Background: Conventional vasodilators increase ventilation-perfusion mismatch and do not improve gas exchange even though they reduce pulmonary hypertension. However, the effects of nitric oxide inhalation on ventilatory and gas exchange values in patients with congestive heart failure are not known.
Objective: To investigate the effect of nitric oxide inhalation on gas exchange in patients with congestive heart failure.

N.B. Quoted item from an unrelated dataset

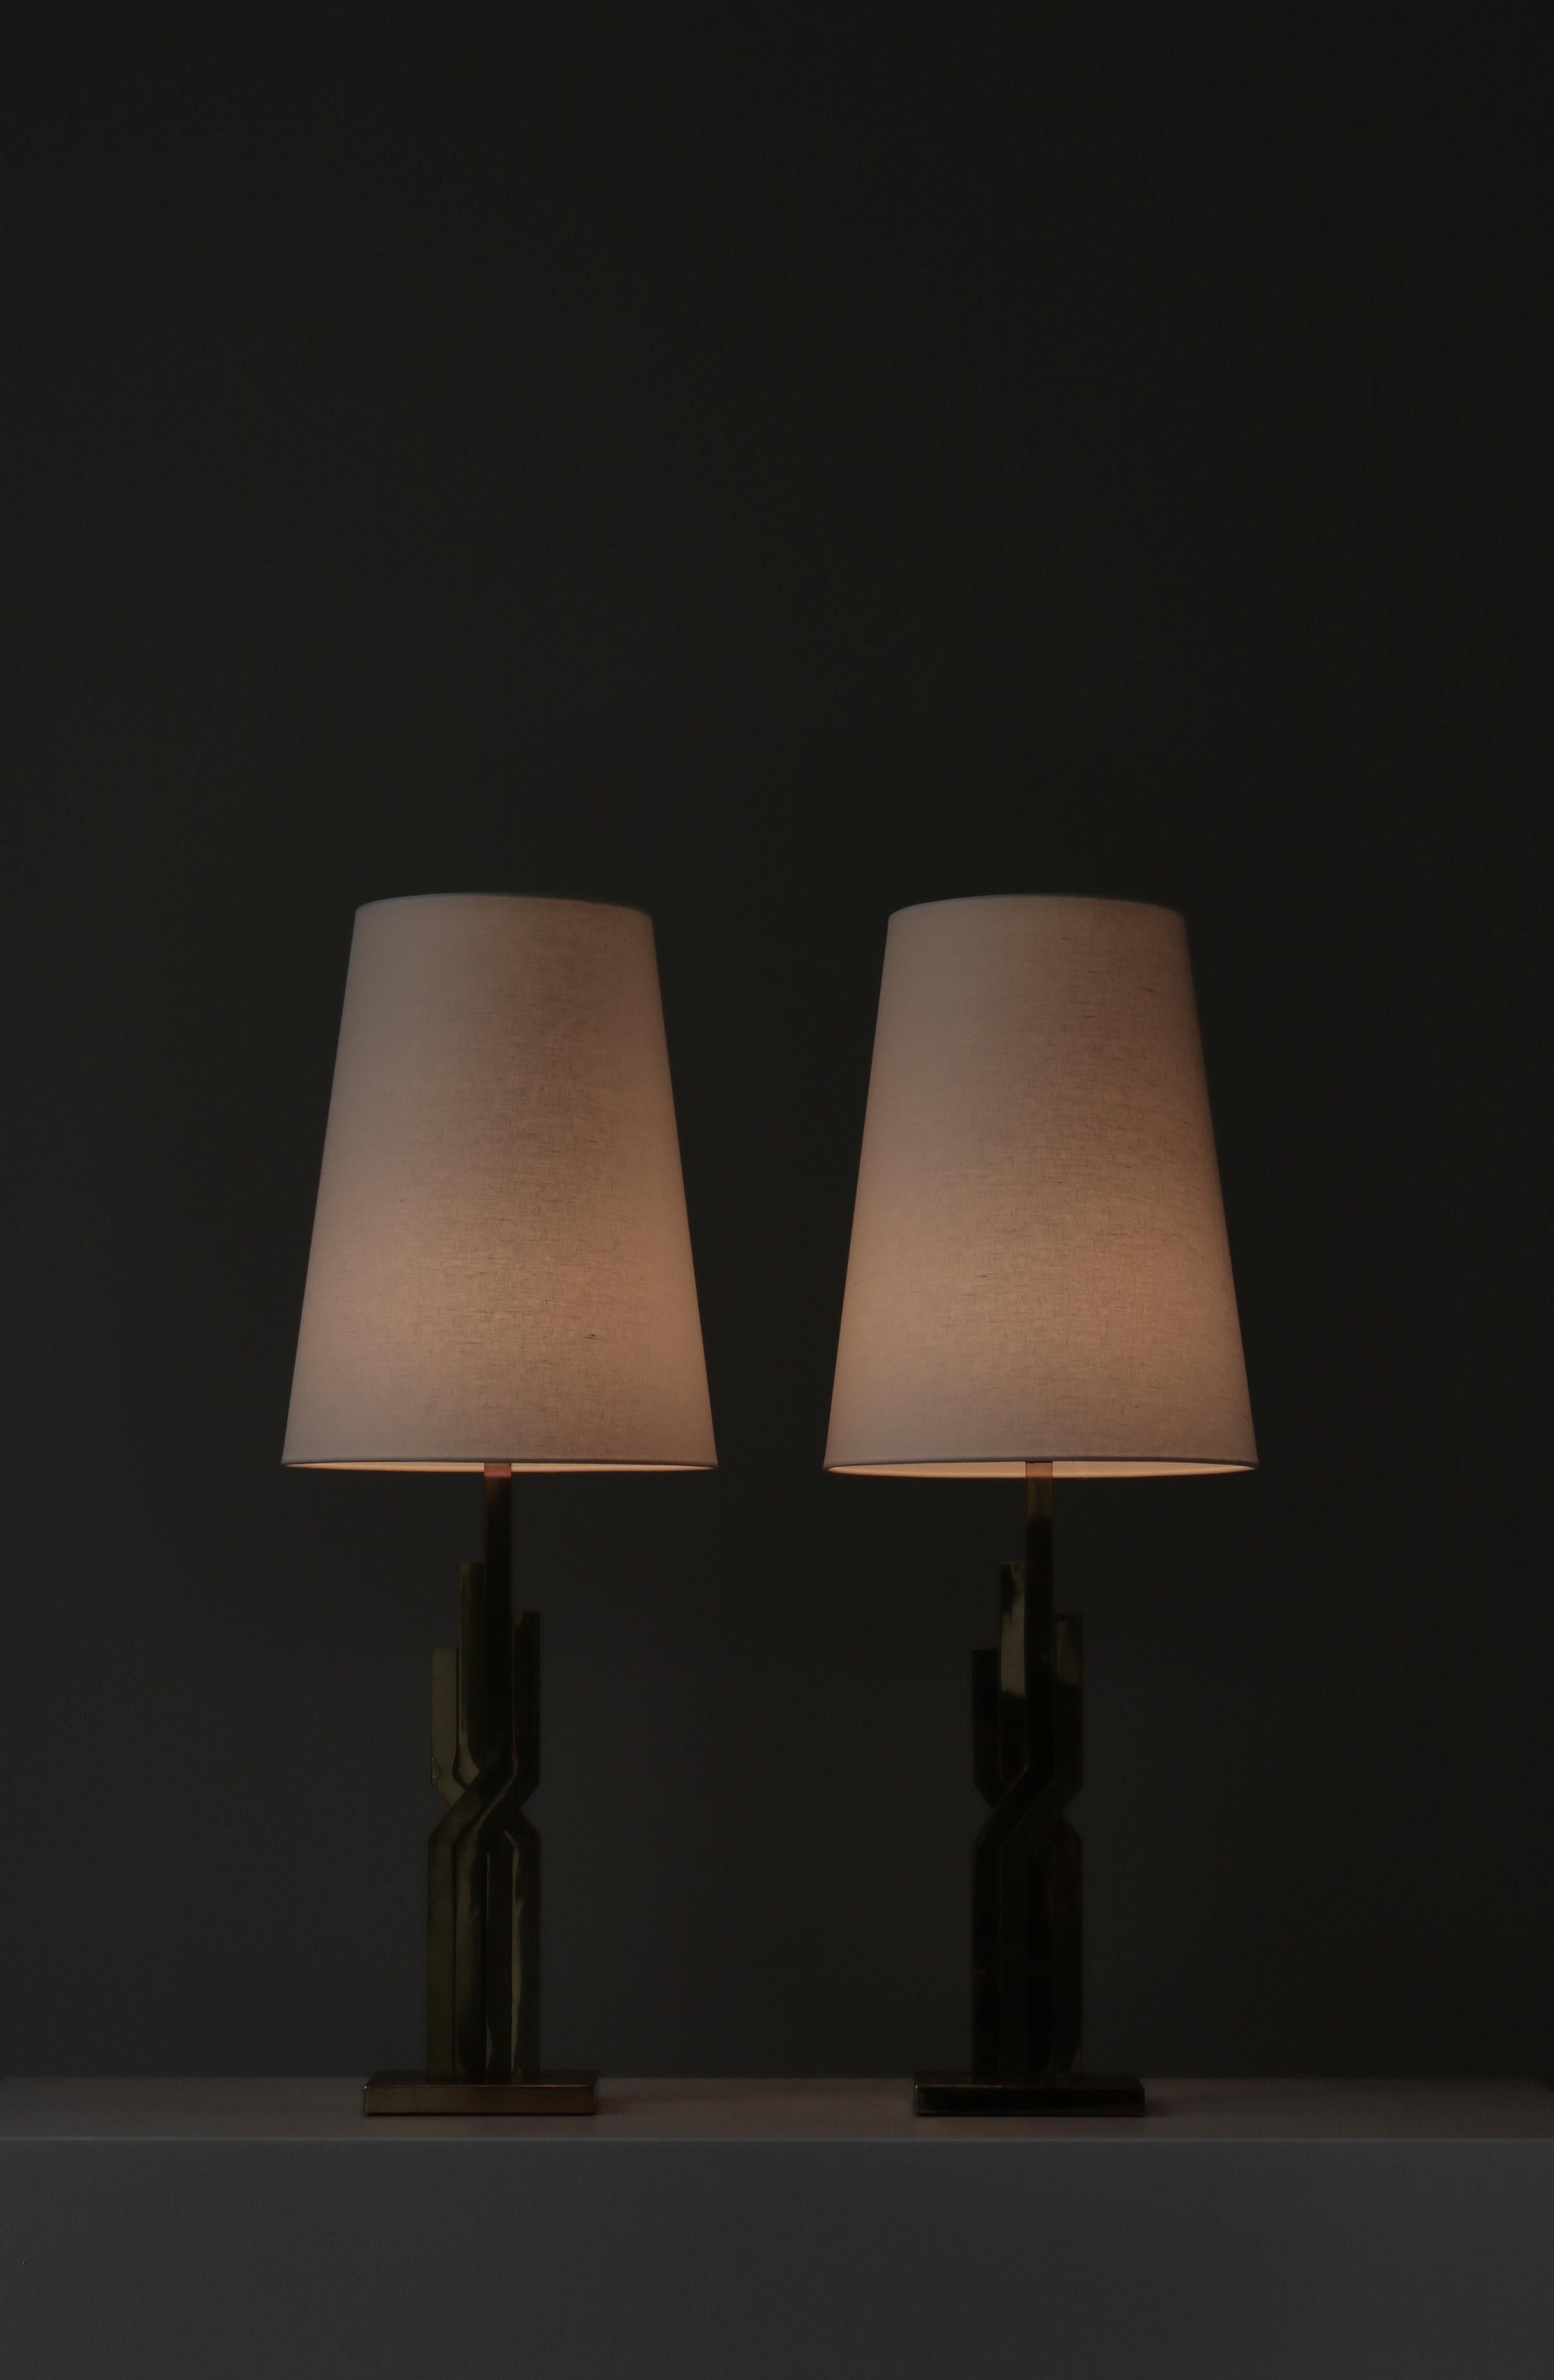 Large Danish Modern Table Lamps in Brass by Svend Aage Holm-Sørensen, 1960s For Sale 8
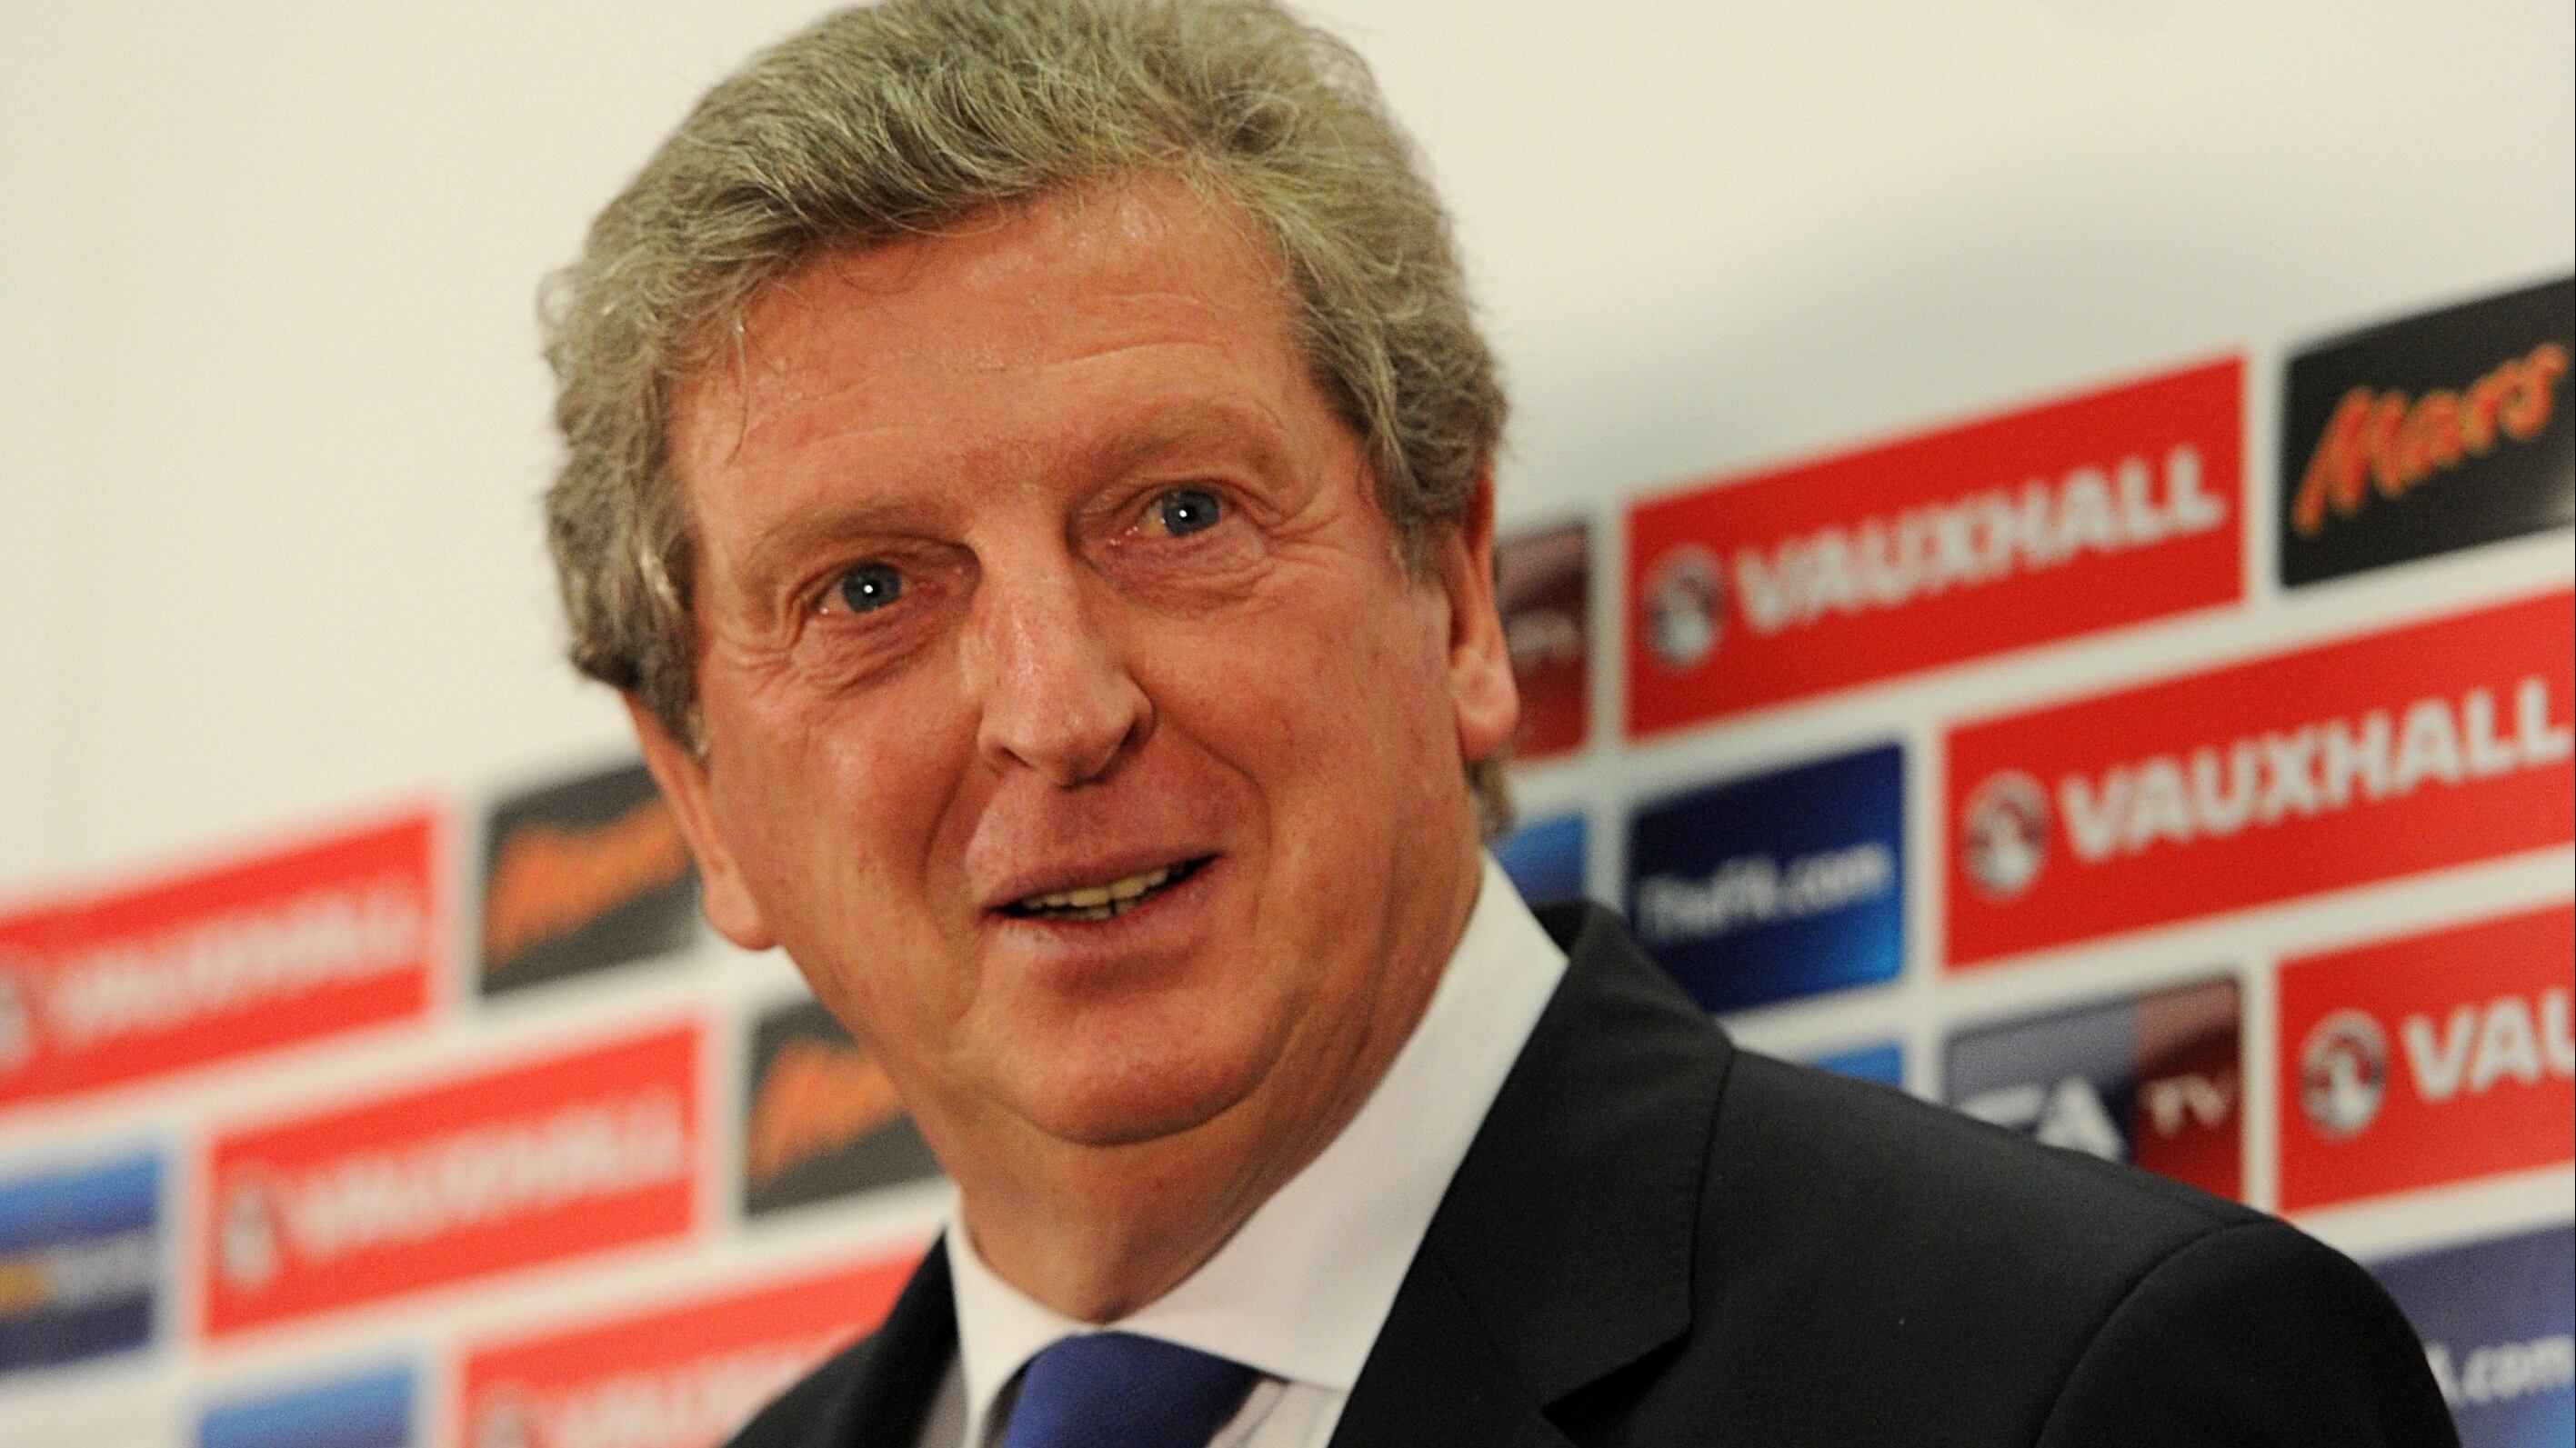 Roy Hodgson was appointed England manager in 2012

Design: Randomized, controlled trial.
Setting: University hospital.
Patients: 16 patients with congestive heart failure (New York Heart Association class II or III).
Interventions: Patients inhaled nitric oxide gas at graded concentrations (n = 8) or were given intravenous isosorbide dinitrate, 2.5 mg (n = 8).
Measurements: Hemodynamic and ventilatory variables and blood gases were measured 5 minutes after inhalation of different doses of nitric oxide and 10 minutes after administration of isosorbide dinitrate.
Results: Nitric oxide inhalation reduced the mean pulmonary arterial pressure in a dose-dependent manner without altering the mean arterial pressure or cardiac output. At a dose of 40 parts per million, nitric oxide inhalation increased PaO2 (change from baseline, 12.0 mm Hg [95% CI, 2.3 to 21.7 mm Hg]; P = 0.014) and decreased the alveolar-arterial difference in partial pressure of oxygen (change, -8.6 mm Hg [CI, -16.8 to -0.4 mm Hg]; P = 0.038) and the ventilatory equivalent for carbon dioxide output (change, -6.7 [CI, -10.3 to -3.1]; P < 0.001). Although isosorbide dinitrate similarly decreased pulmonary arterial pressure, it did not alter gas exchange or ventilatory variables.
Conclusions: Because nitric oxide inhalation improved gas exchange, it may be used as a supportive therapy when other conventional vasodilators worsen gas exchange.